Yeah I did not put in interest but for the most part it would be canceled out by reasonable inflation.
Also this would require freezing all other spending to inflation levels.
The sad thing is putting our debt into a simple 30 year mortgage and demonstrating it can be payed off only makes it easier for politicians to spend more.
No one let Nancy Peloci read this.
? the Bounty Hunter
HA!
It'll be hard to maintain a top class military with devalued currency and reduced sources of revenue.
Hard on the average citizen's belly, yes.
It'll be hard to maintain a top class military with devalued currency and reduced sources of revenue.
Then the US might have to bring its troops home and close its foreign bases and stop invading other countries.
Oh NOES!!!!1!!1
Well, you won't be able to buy all those foreign resources and goods anymore, so you won't need to protect shipping lanes and engage in geo-politics to the same degree either.
Good luck filling up your truck though.
I think you might be confusing the United States with the United States Federal Government.
While the Government might be sitting on a freeway offramp with a cardboard sign reading "Will regulate 4 food GOD BLESS!!!" the rest of us will switch to maple leaves or Hong Kong pesos or some currency that's worth more than the paper its printed on.

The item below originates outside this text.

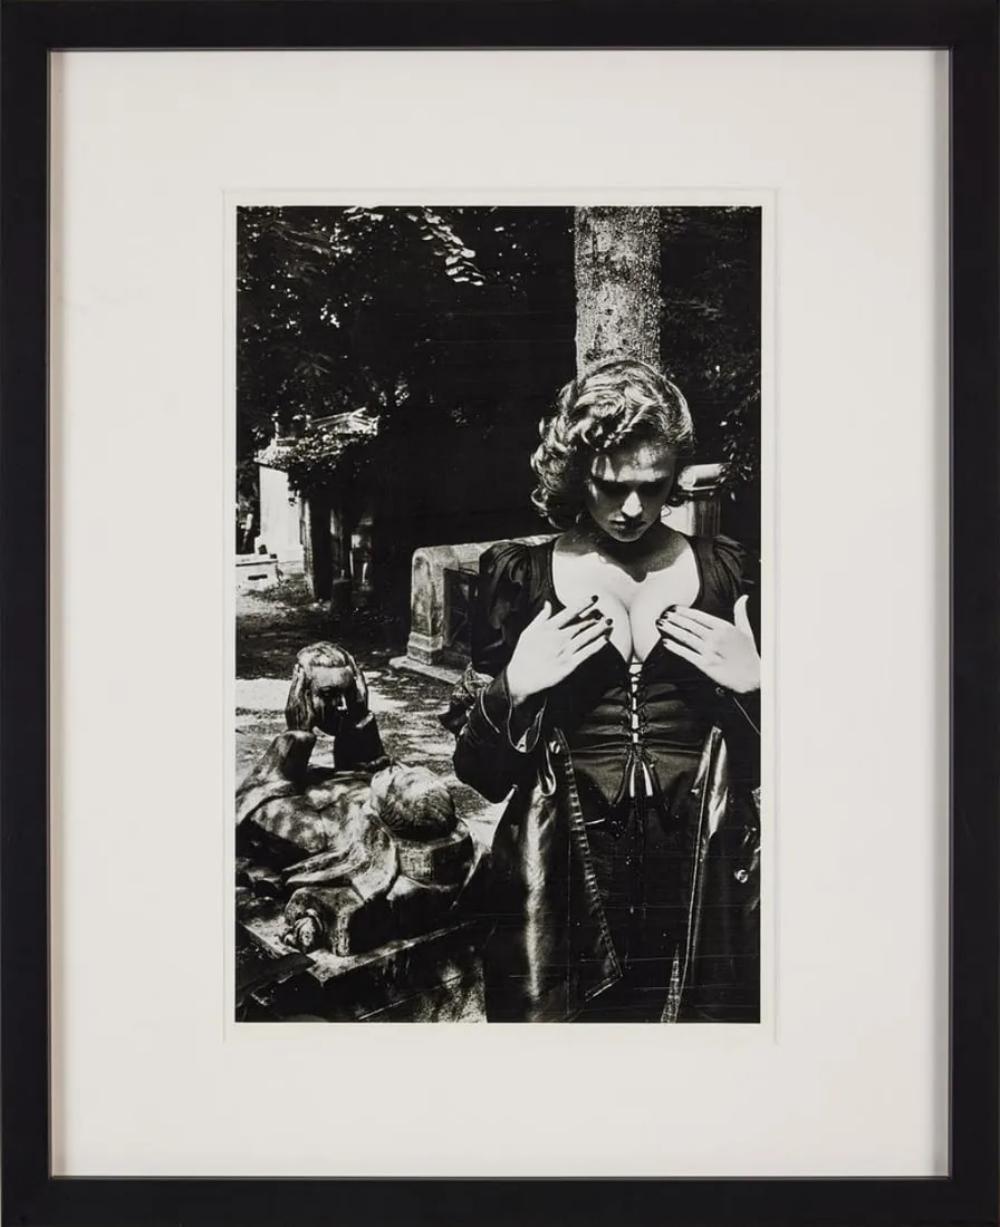 Helmut Newton Nude Photograph - HELMUT NEWTON 'PERE LACHAISE TOMB OF TALMA 1977' HAND SIGNED

Something tells me that foreign producers won't stop selling to American companies and consumers just because the Gov deadbeats on public debt.
'Cause you're all going to convert to an alternate currency before the big devaluation happens?
And where would all that foreign credit that props up US consumer spending come from?
'Cause you're all going to convert to an alternate currency before the big devaluation happens?
No, afterwards will be fine.
And where would all that foreign credit that props up US consumer spending come from?
Probably from the same places it does now.
I'm not claiming that deadbeating on public debt would have zero effect on the US economy. But the fact is that the US has a lot of land, lots of natural resources, and a population of educated workers who also want to buy stuff.
Even if public debt apocalypse now occurs, the rest of the world isn't going to treat the US as a leper colony.
Sure, but your purchasing power and access to capital will be greatly reduced. That means you'll be buying a lot less foreign goods and countries like China won't have the large trade surpluses as sources of capital to lend to you.
And it takes considerable time to exploit your own natural resources. You have to find them for a start, then develop the mines/wells etc, perhaps develop processing facilities, and even adapt/replace plant equipment and power generation facilities.
If a US public debt apocalypse happens then you will lose a very large proportion of your wealth.
All of those are true. None of them spell the end of the world.
Yep, it wouldn't be the end of the world, but it would be universally shitty economic times for the world.
It beats a false economy built on credit that has no intention of ever being paid back.
It'll be hard to maintain a top class military with devalued currency and reduced sources of revenue.
You know who else maintained a top class military with devalued currency?
North Korea?
North Korea?
Mexico could kick their ass.
I believe he's referring to a Northern European country post-Great Depression.
Ah, Finland.
The government won't repudiate the debt outright.
What it will do is the favorate trick of bananna republics throughout history- print money, debase the curreny and devalue the debt.
Why can't Peter's threads be as fun as Tim's.
What you mean "WE collectively ran up this debt" Kemosabe?
If we cut spending on entitlements to near zero and reduced defense by 1/3, the debt could be paid off. Maybe even in our lifetime. However, that is not politically expedient. All them welfare recipients VOTE, dammit!
Hey it could be worse, he could be "refudiating"!